··· Given information

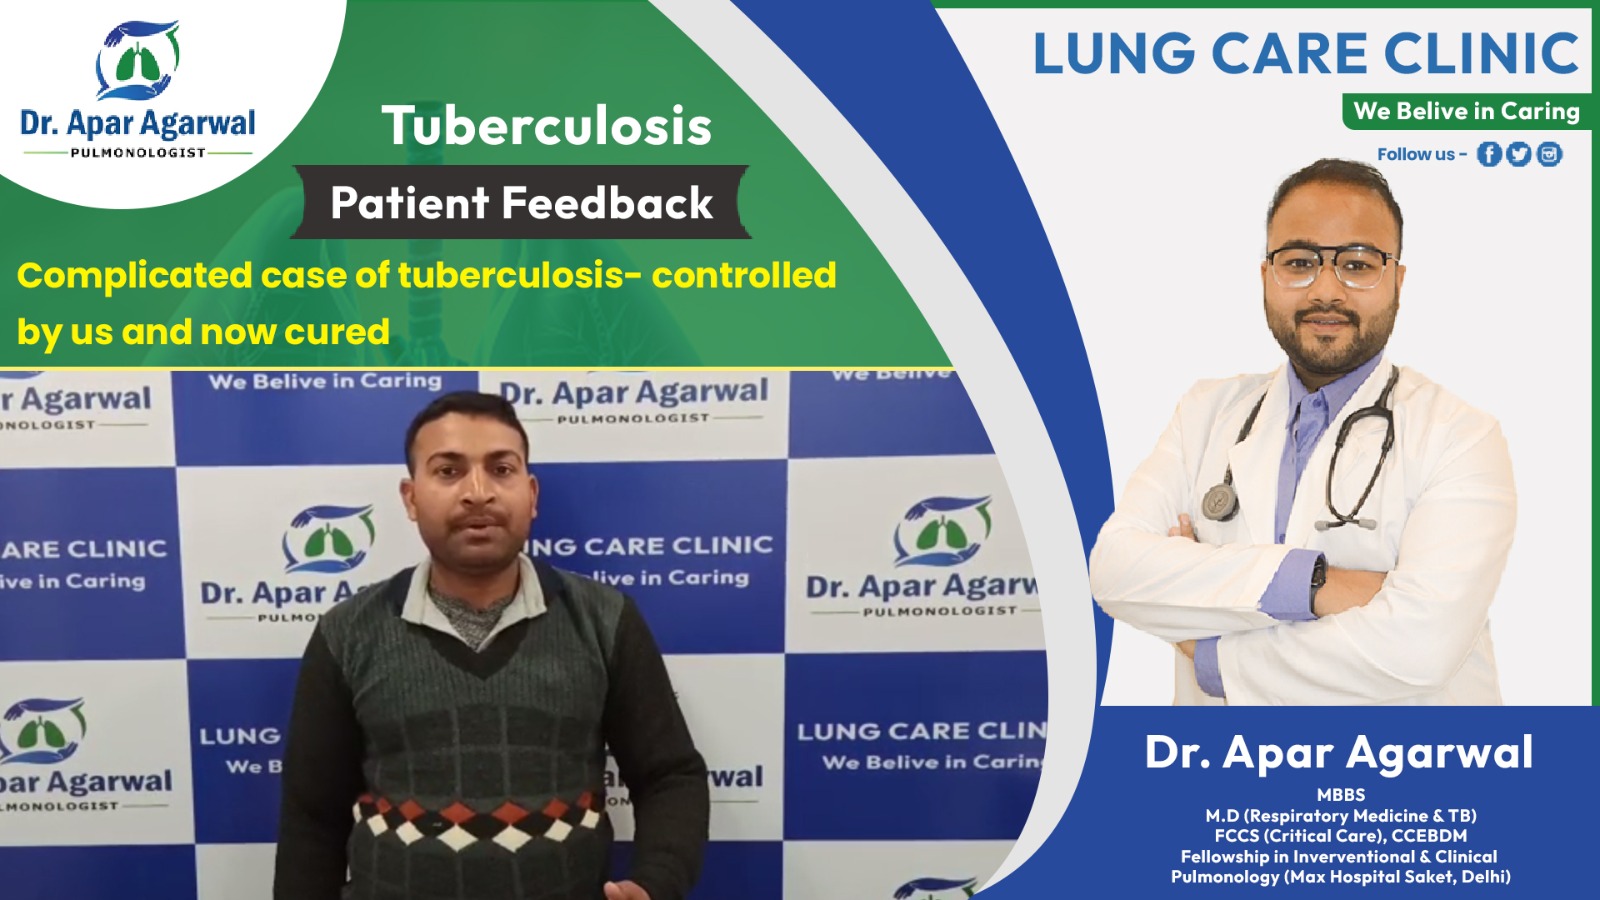 Tuberculosis Patient Feedback Complicate case of tuberculosis - controlled by as and now cured.
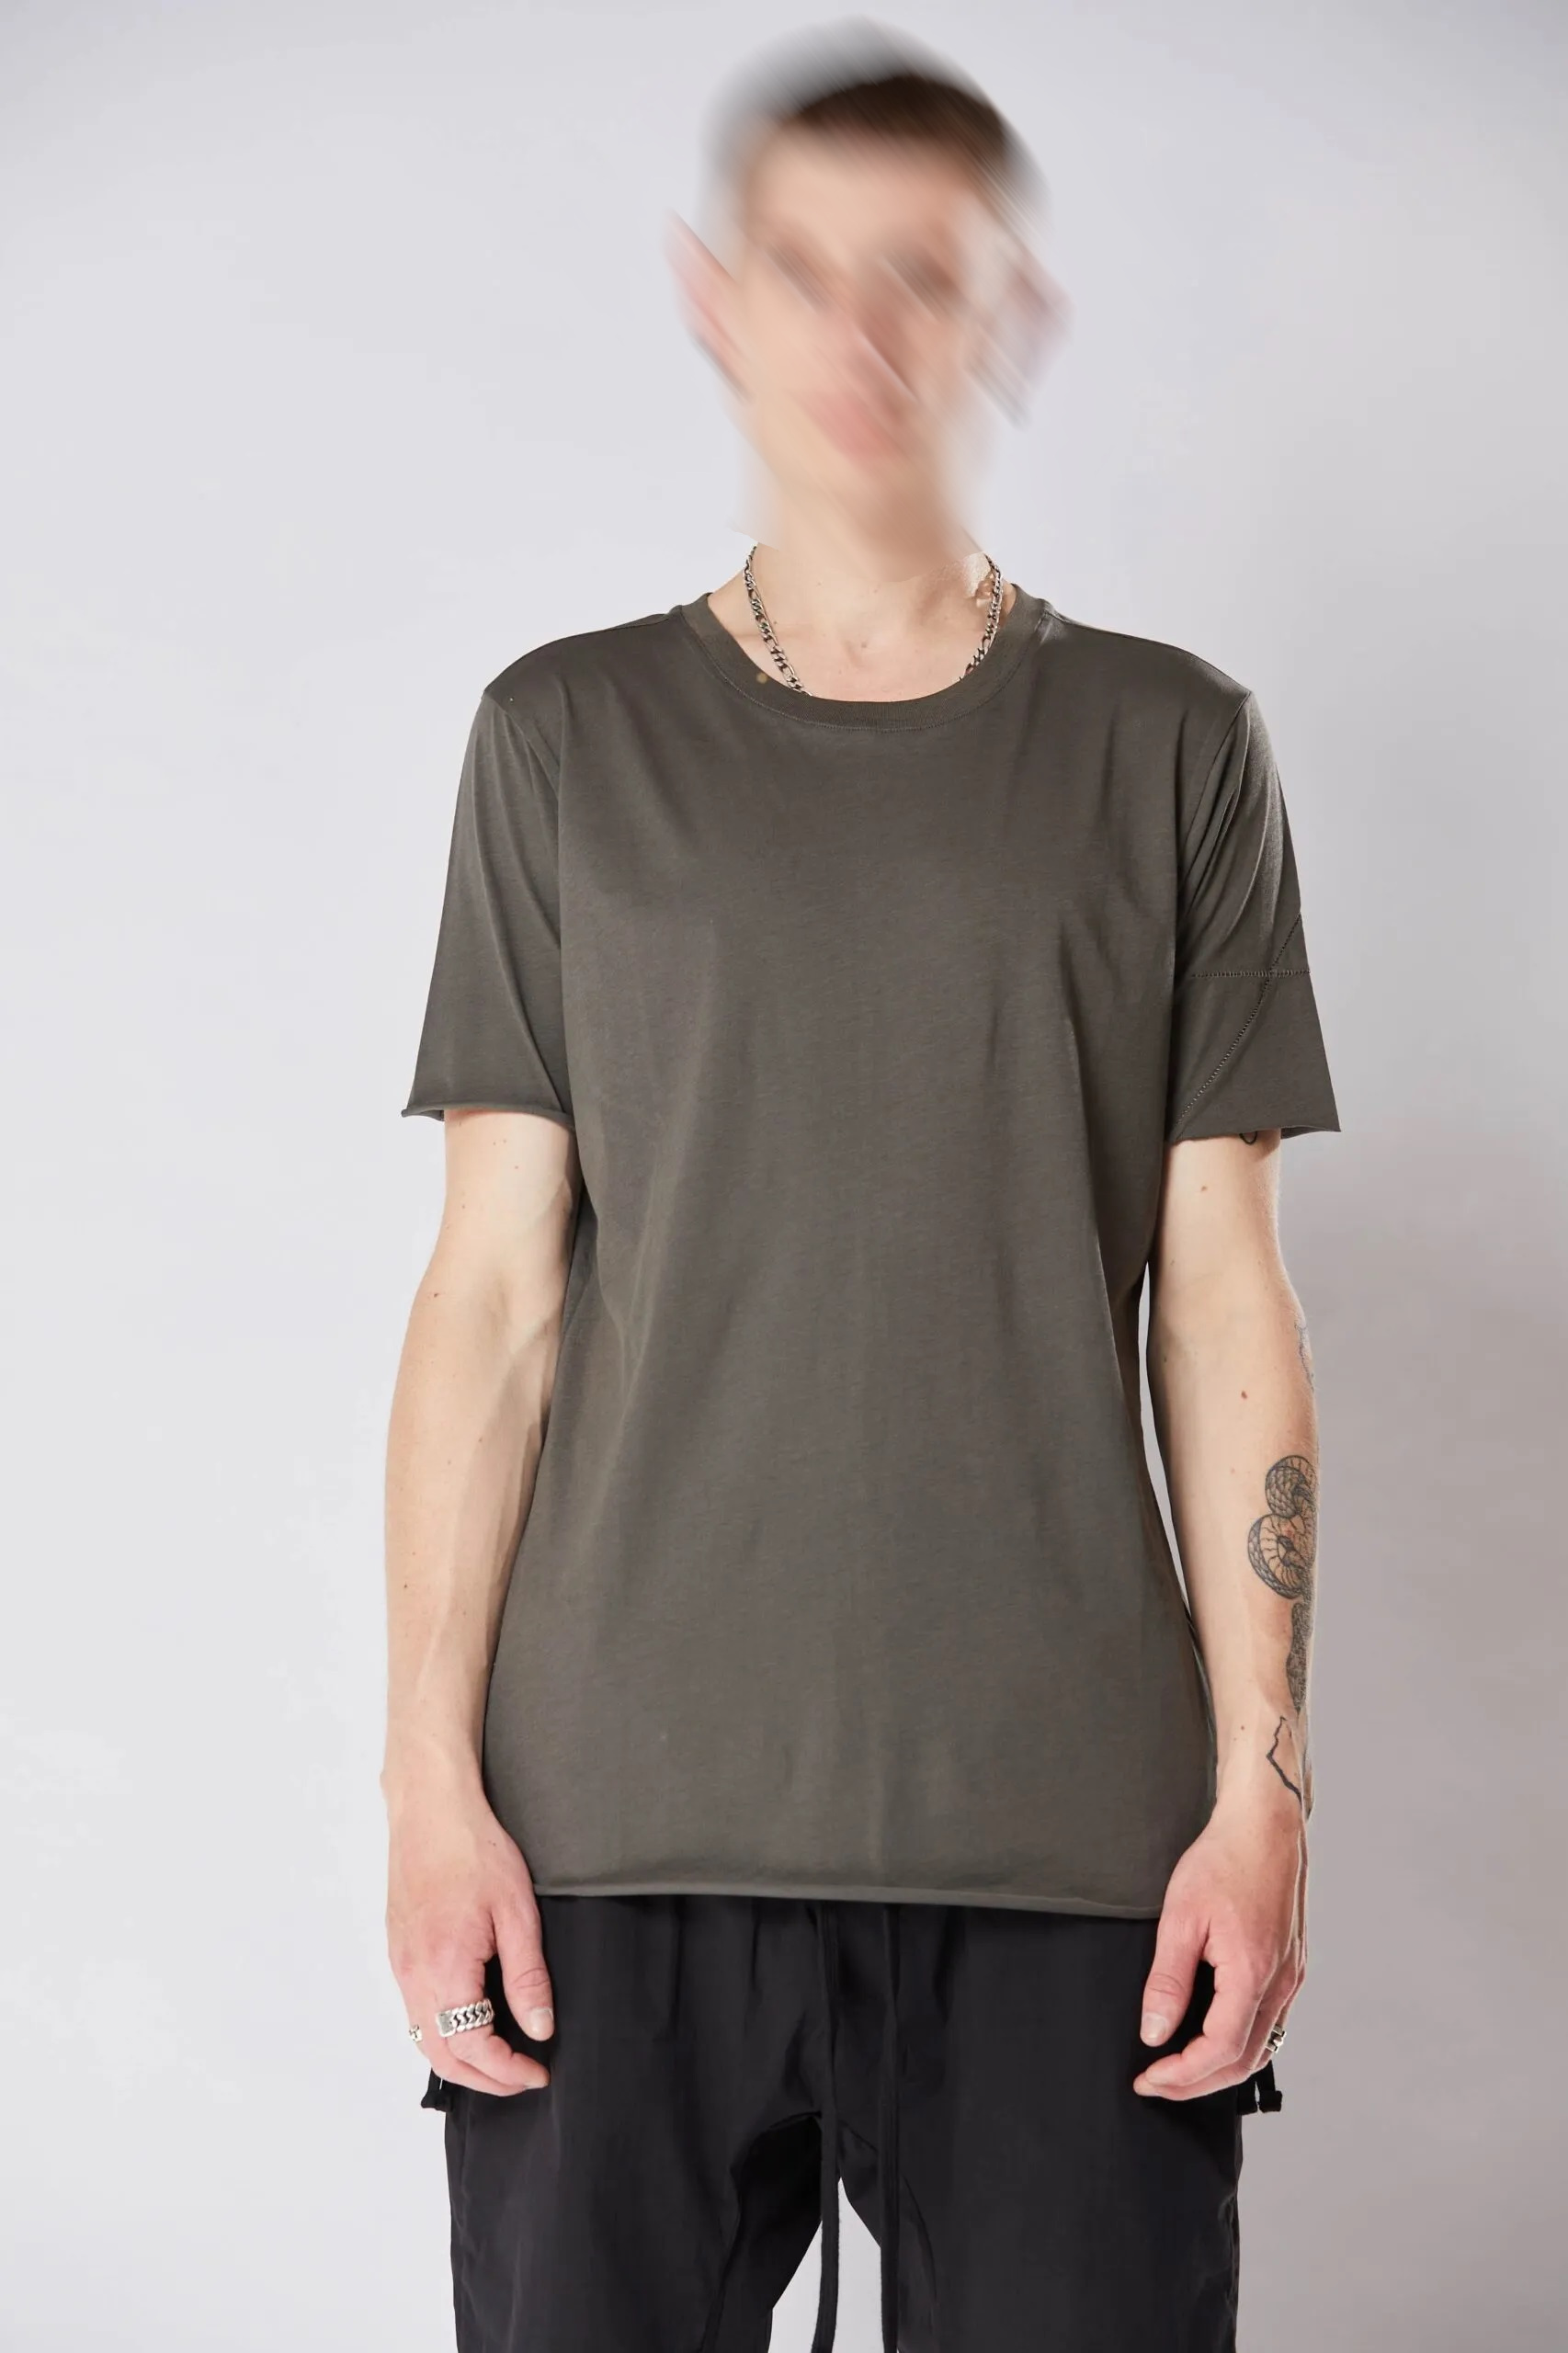 THOM KROM T-Shirt in Ivy Green S
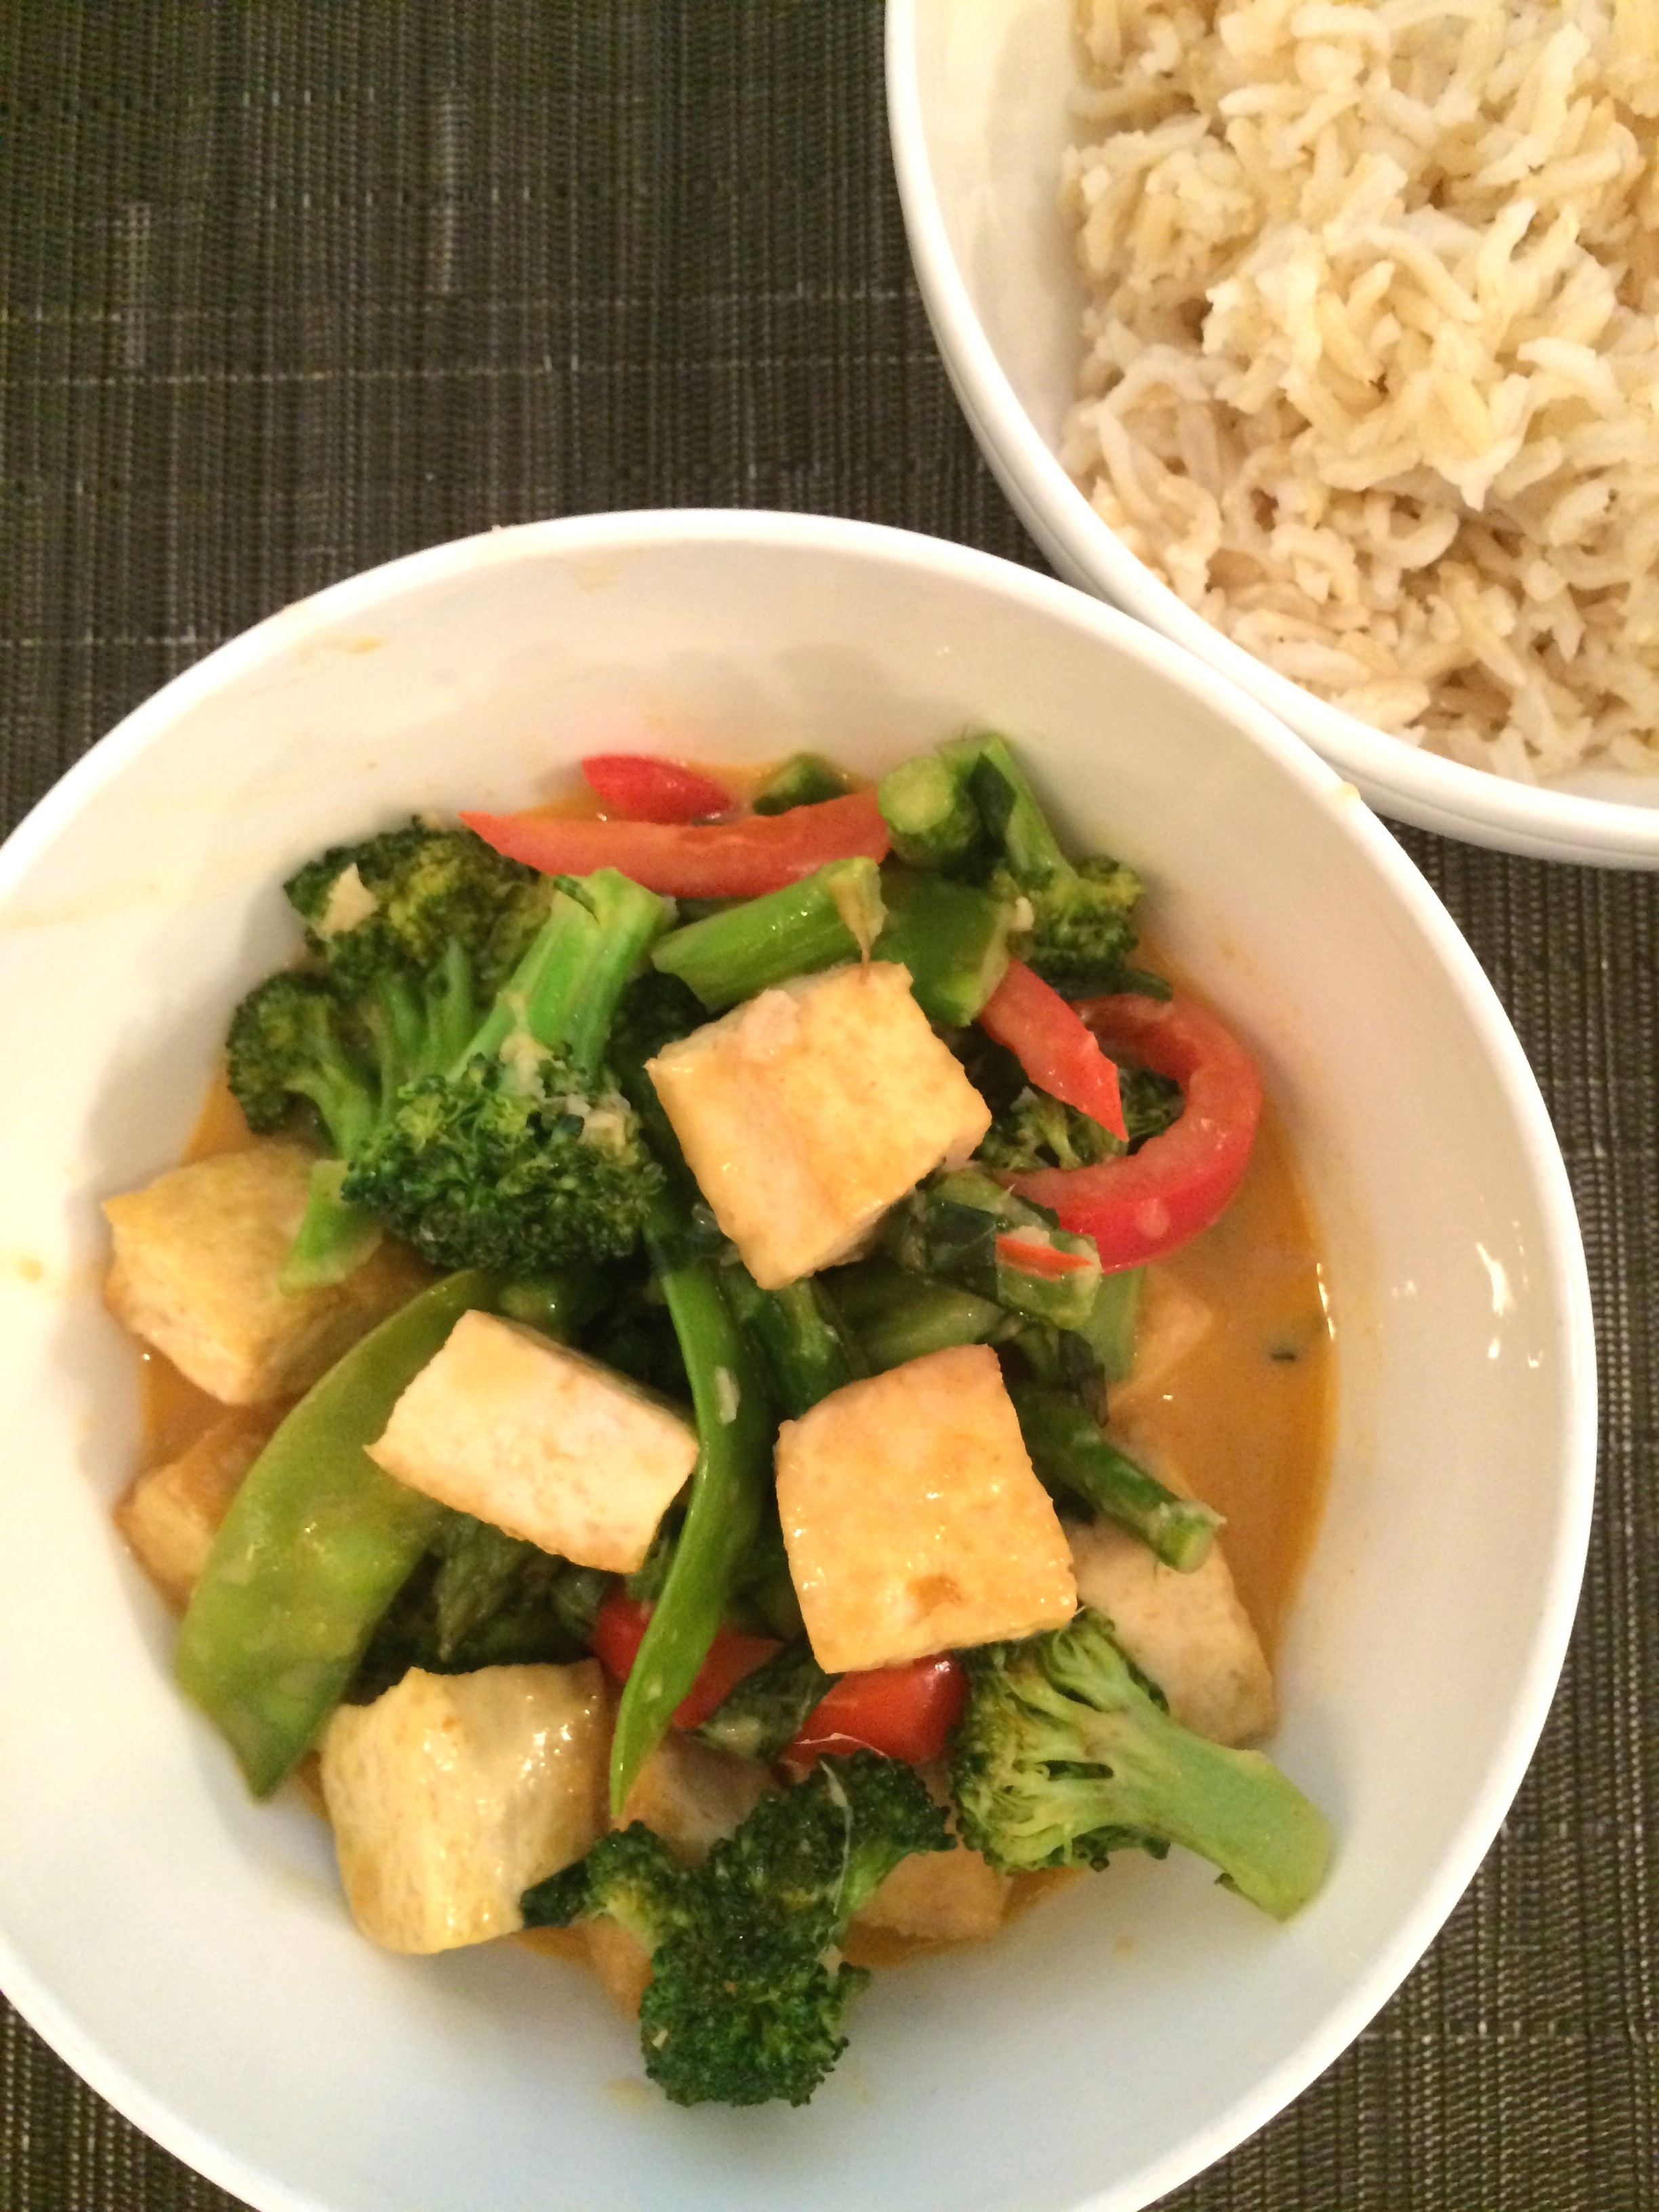 Coconut Red Curry With Tofu And Vegetables - The Pollan Family

······

= Your assignment =
Copy the entire listing exactly but skip the pictures.

= Result of this task =
 Tuberculosis Patient Feedback Complicate case of tuberculosis - controlled by as and now cured.
 THOM KROM T-Shirt in Ivy Green S
 Coconut Red Curry With Tofu And Vegetables - The Pollan Family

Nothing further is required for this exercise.